Addressing Potential Issues
Explicit Facade Imports
We addressed an issue where facades (like File and DB) were used without explicit use statements. Explicit imports improve code clarity and prevent potential issues if facade aliases are disabled. This ensures the code adheres to our coding guidelines:
<?php
use Illuminate\Support\Facades\DB;
use Illuminate\Support\Facades\File;
// ...
File::exists('example.txt');
DB::table('app_config')->get();
Optimizing Collation Usage
Applying collation to the column side of a WHERE clause can prevent index usage, leading to slower query performance. We corrected this by applying the COLLATE clause to the parameter side, allowing MySQL to leverage indexes effectively.
Instead of:
WHERE column_name COLLATE utf8mb4_unicode_ci = @parameter
We now use:
WHERE column_name = @parameter COLLATE utf8mb4_unicode_ci
Ensuring Deterministic Subqueries
A subquery with a LIMIT 1 clause but without an ORDER BY clause can return unpredictable results. To ensure consistent behavior, we added an ORDER BY clause to make the subquery deterministic.
For example, instead of:
SELECT id FROM table WHERE name = 'example' LIMIT 1
We now use:
SELECT id FROM table WHERE name = 'example' ORDER BY id ASC LIMIT 1
Tie-breakers for Deterministic Ordering
When using ORDER BY with LIMIT, ties in the ordering column can lead to non-deterministic results. We added a secondary sort column to ensure consistent ordering.
Instead of:
ORDER BY total_cost DESC
We now use:
ORDER BY total_cost DESC, product_id ASC
Coding Style and Exception Handling
We also addressed minor coding style issues, such as adding a space after the not operator (!) and using use statements for exception classes instead of fully qualified names. This improves code readability and maintainability.
For example, we changed:
if(!File::exists($file)) {
throw new \Illuminate\Contracts\Filesystem\FileNotFoundException('File not found');
}
To:
use Illuminate\Contracts\Filesystem\FileNotFoundException;
if (! File::exists($file)) {
throw new FileNotFoundException('File not found');
}
Rollback Strategy Documentation
For migrations that update stored procedures, we added comments to the down() method to document the rollback strategy, which typically involves manually executing a previous version of the SQL file.

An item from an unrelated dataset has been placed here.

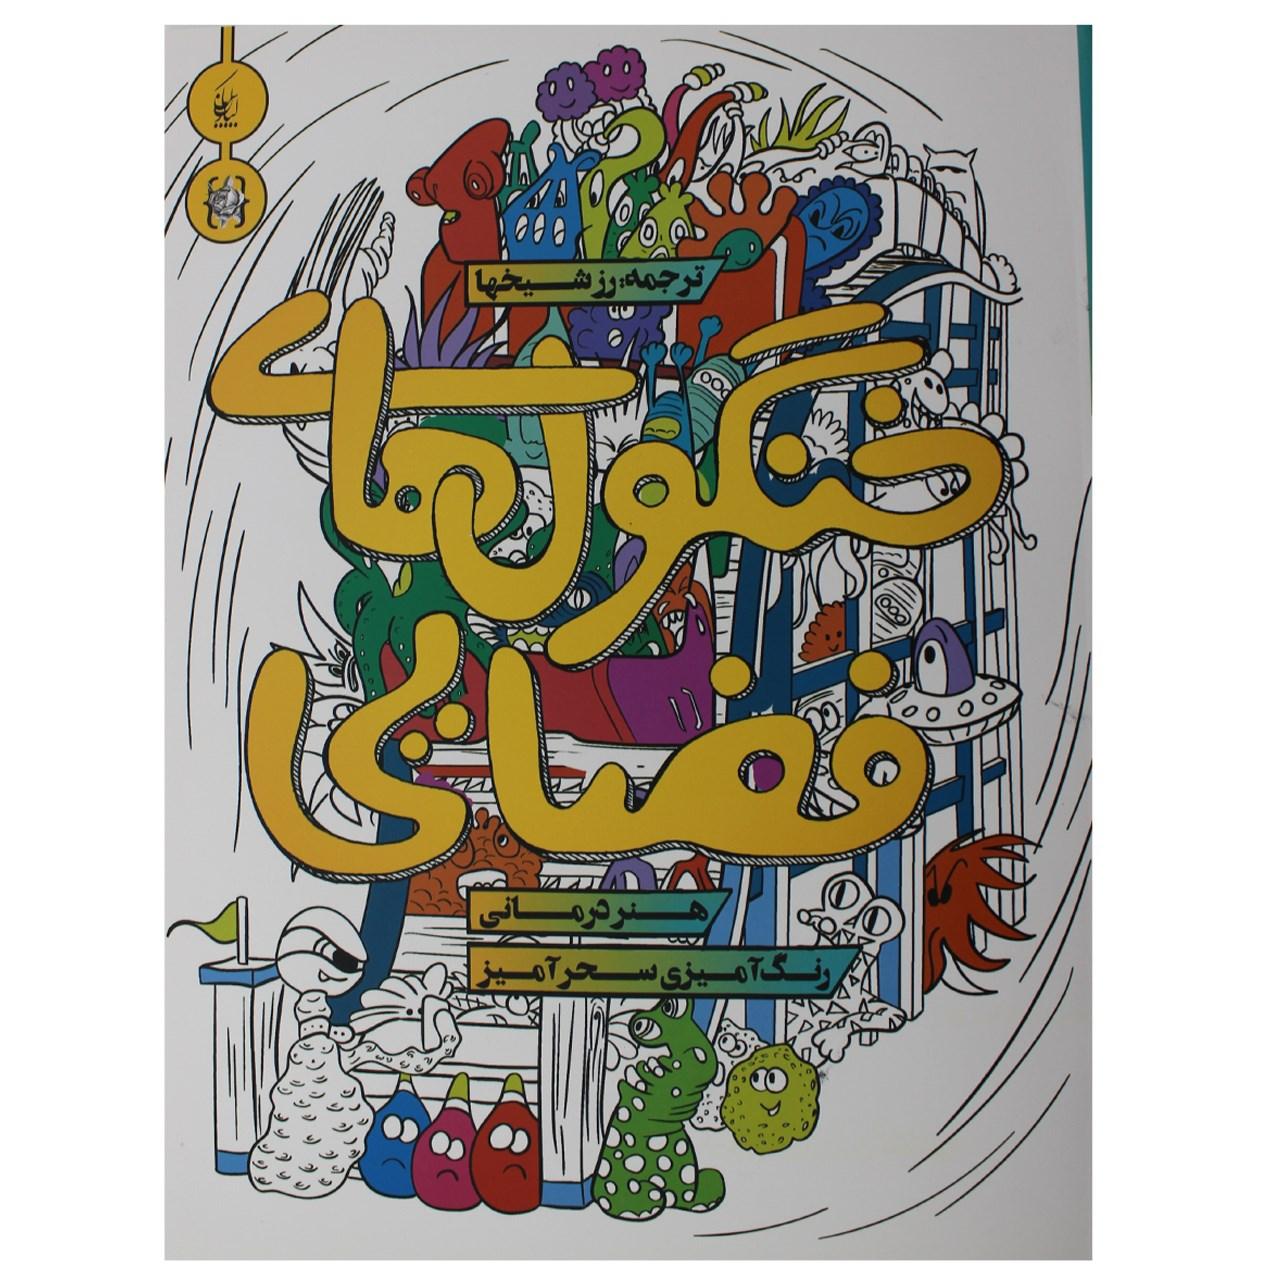 کتاب رنگ آمیزی خنگول های فضایی اثر پدرو دو الیزالده

public function down(): void
{
// Procedure updates are not rolled back automatically.
// To restore the previous version, manually execute the prior SQL file
// or create a new migration with the old procedure definition.
}
Handling NULL Values in Comparisons
When comparing a nullable column to a value, we need to handle NULL values explicitly to avoid unexpected filtering. We updated conditions like column != 'value' to (column IS NULL OR column != 'value').
Instead of:
WHERE column != 'flexible'
We now use:
WHERE (column IS NULL OR column != 'flexible')
Preserving Product Identity in Aggregations
To prevent merging distinct products with identical names during aggregations, we included the product_id in the GROUP BY clause of relevant CTEs. This ensures that each product is treated as a unique entity.
Instead of:
GROUP BY product_name, category
We now use:
GROUP BY product_id, product_name, category
Accounting for Multi-Year Rates
We identified an issue where rates were joined based only on the start year of the report, leading to incorrect cost calculations for multi-year reports. We corrected this by joining rates based on the year of the transaction.
Instead of:
JOIN rates RT ON RT.year = YEAR(reportStartDate)
We now use:
JOIN rates RT ON RT.year = YEAR(date_of_transaction)
Preventing Recipe Double-Counting
We addressed an issue where recipes could be double-counted across the report window. To fix this, we joined recipes to sales data before aggregation, ensuring that each sale is linked to the correct recipe version based on its transaction date.
Handling Null Mass Values
To avoid null costs, we now handle null mass values by either filtering them out at the join or using COALESCE to replace them with 0 in calculations.
Conclusion
These improvements enhance the reliability and efficiency of our reporting queries. By addressing potential issues related to data consistency, query performance, and coding standards, we ensure that our application provides accurate and timely insights. Key takeaways include the importance of explicit imports, correct collation usage, deterministic queries, proper NULL handling, and accurate aggregation logic.